**Information provided**
━━━━━━━━
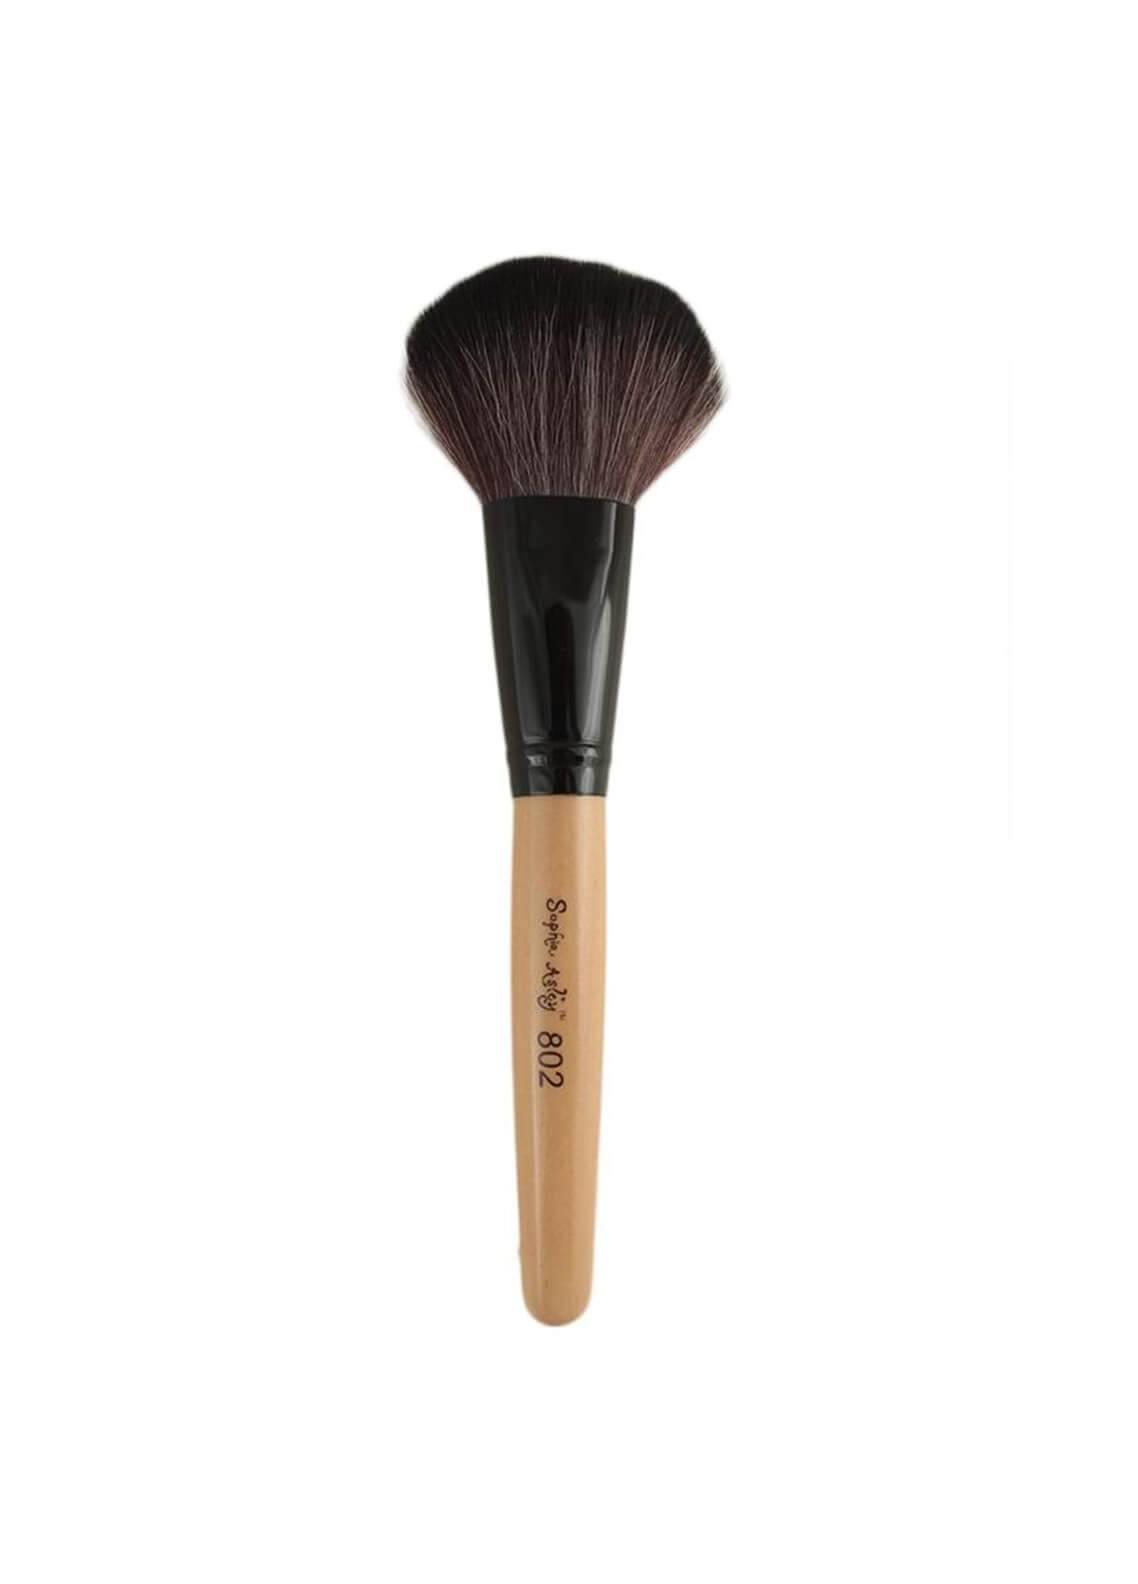 Sophia Asley Professional Blushon Brush (Golden)
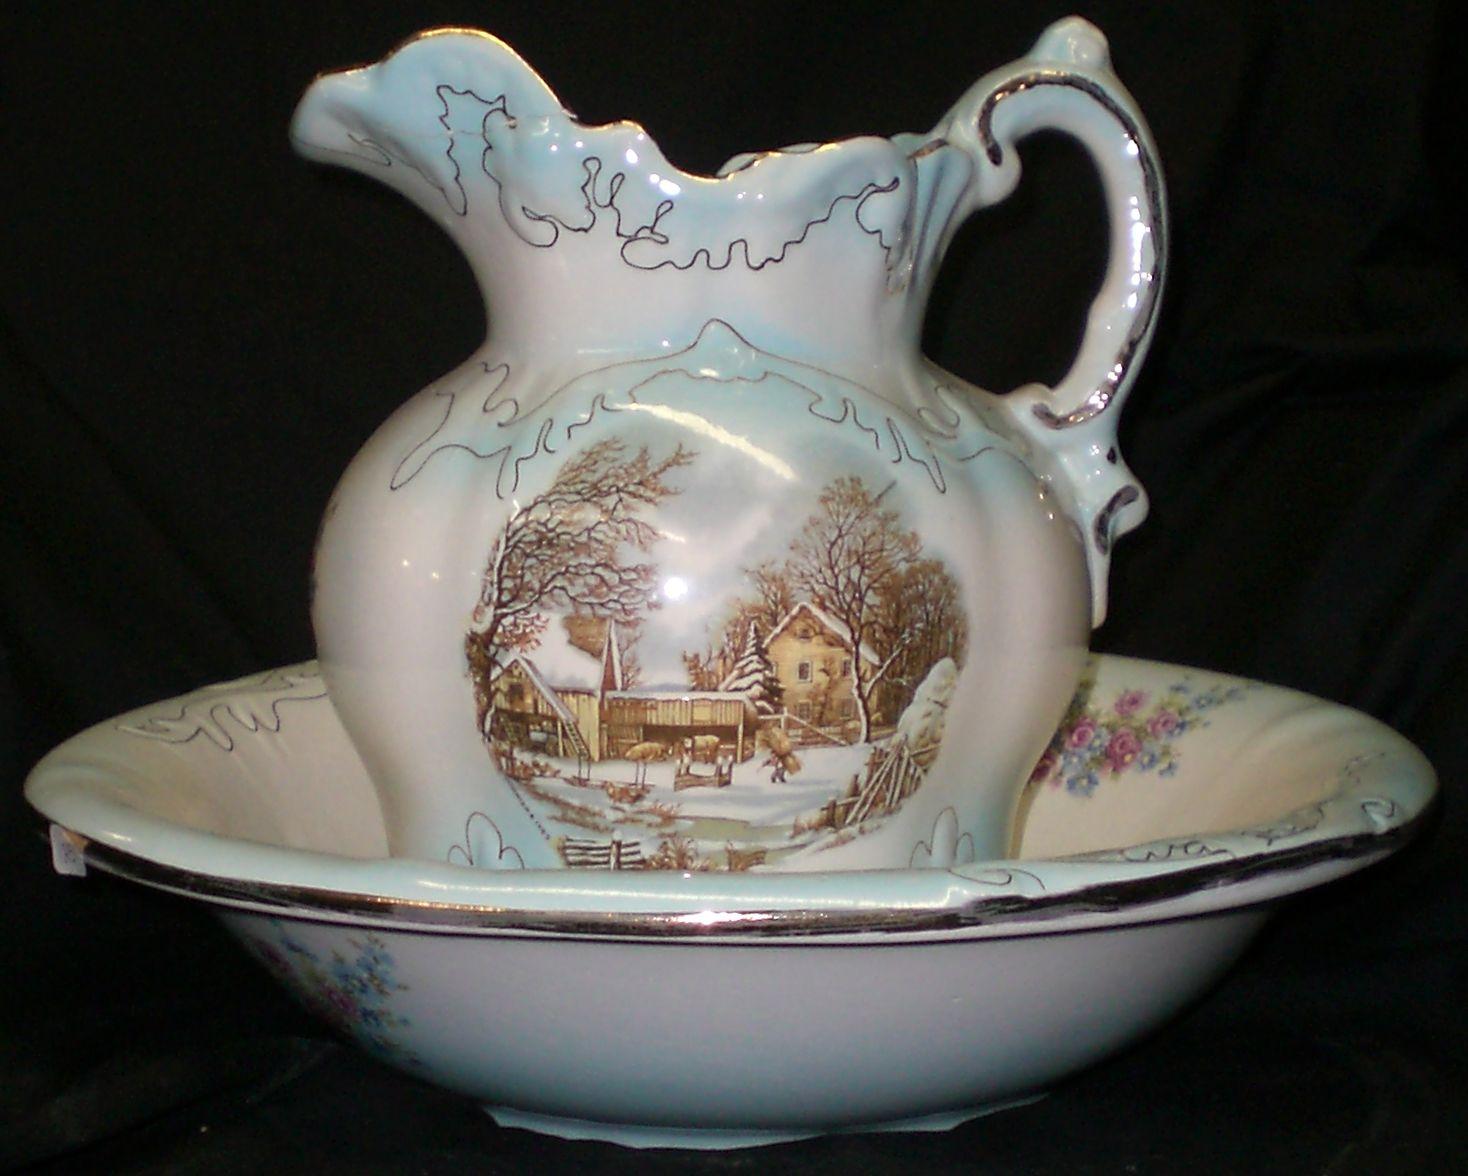 antique pitcher and bowl set google search pitcher and bowl sets pinterest. Black Bedroom Furniture Sets. Home Design Ideas
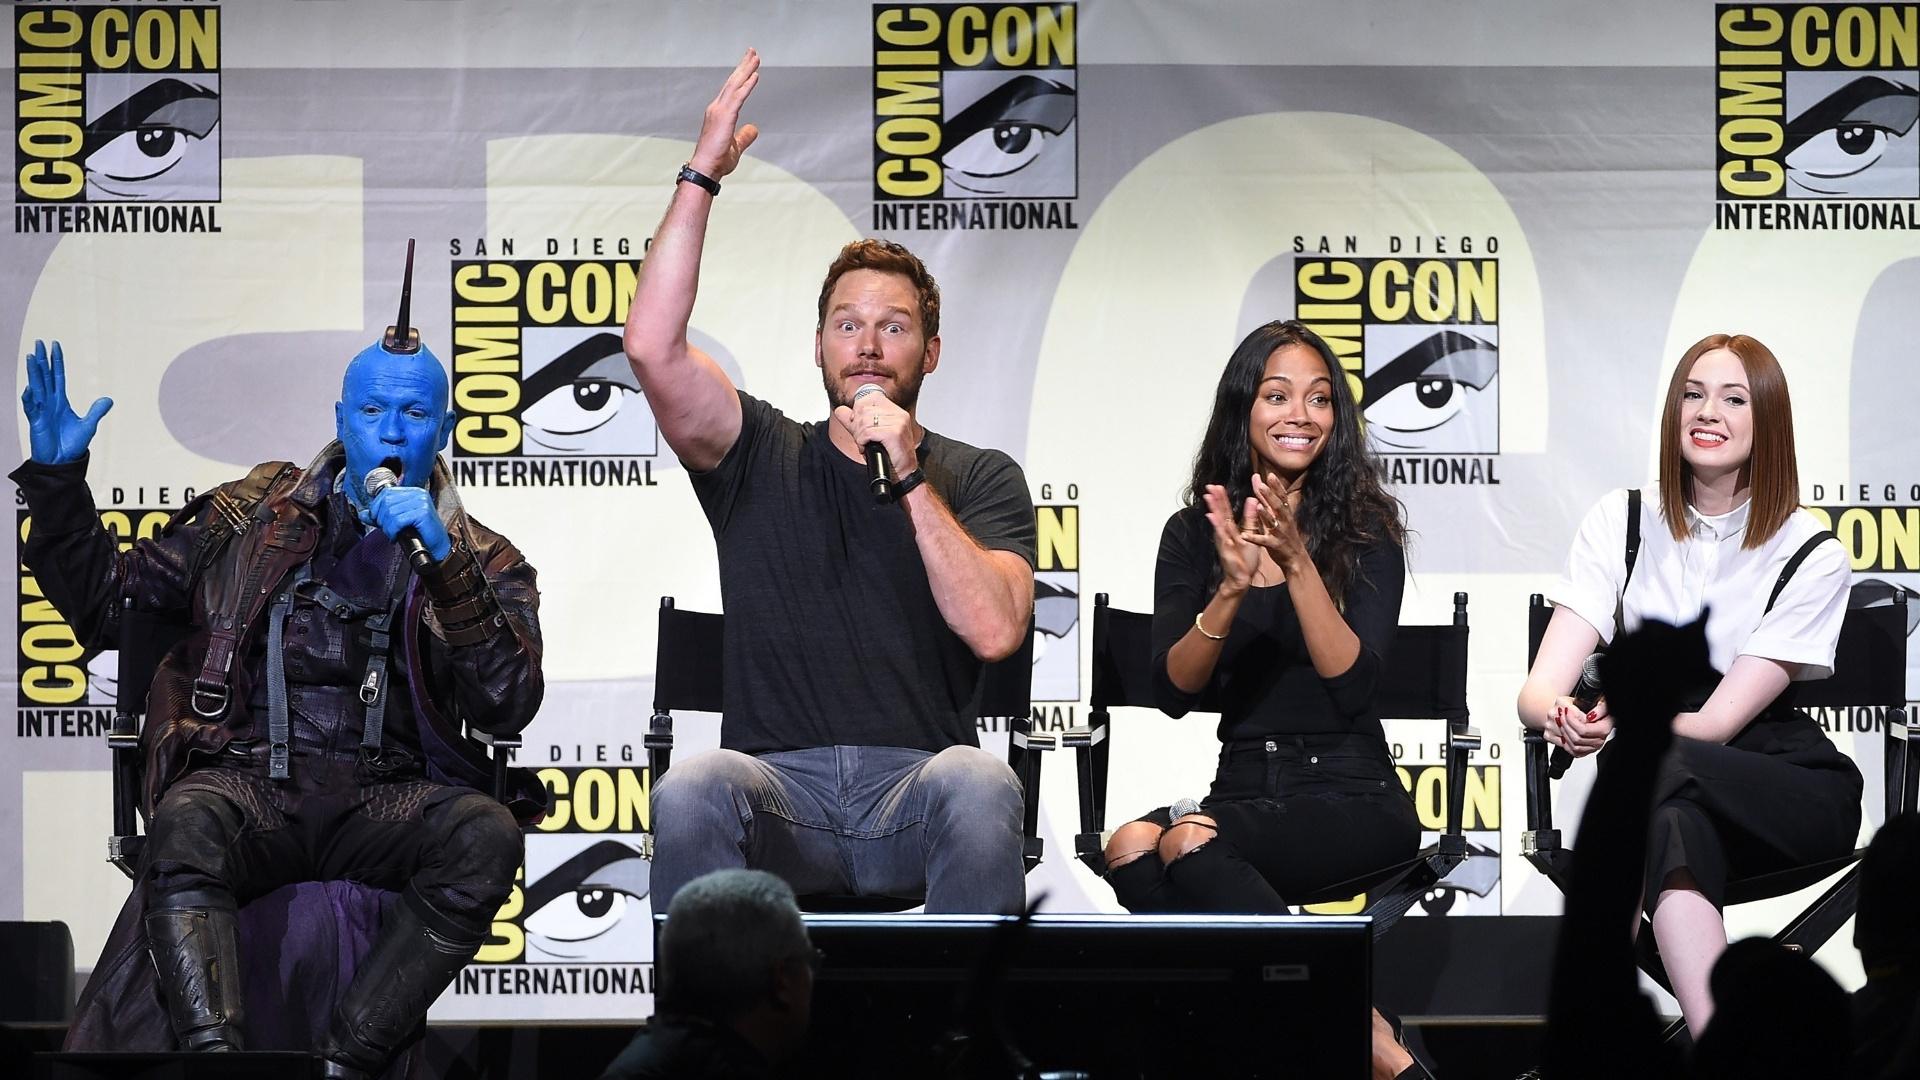 23.jul.2016 - Michael Rooker, caracterizado de Yondu, Chris Pratt, Zoe Saldana e Karen Gillan participam de painel de
━━━━━━━━
**Exercise**
Return the material word for word. Pictures are not part of the copy.

**Written reply**
 Sophia Asley Professional Blushon Brush (Golden)
 antique pitcher and bowl set google search pitcher and bowl sets pinterest. Black Bedroom Furniture Sets. Home Design Ideas
 23.jul.2016 - Michael Rooker, caracterizado de Yondu, Chris Pratt, Zoe Saldana e Karen Gillan participam de painel de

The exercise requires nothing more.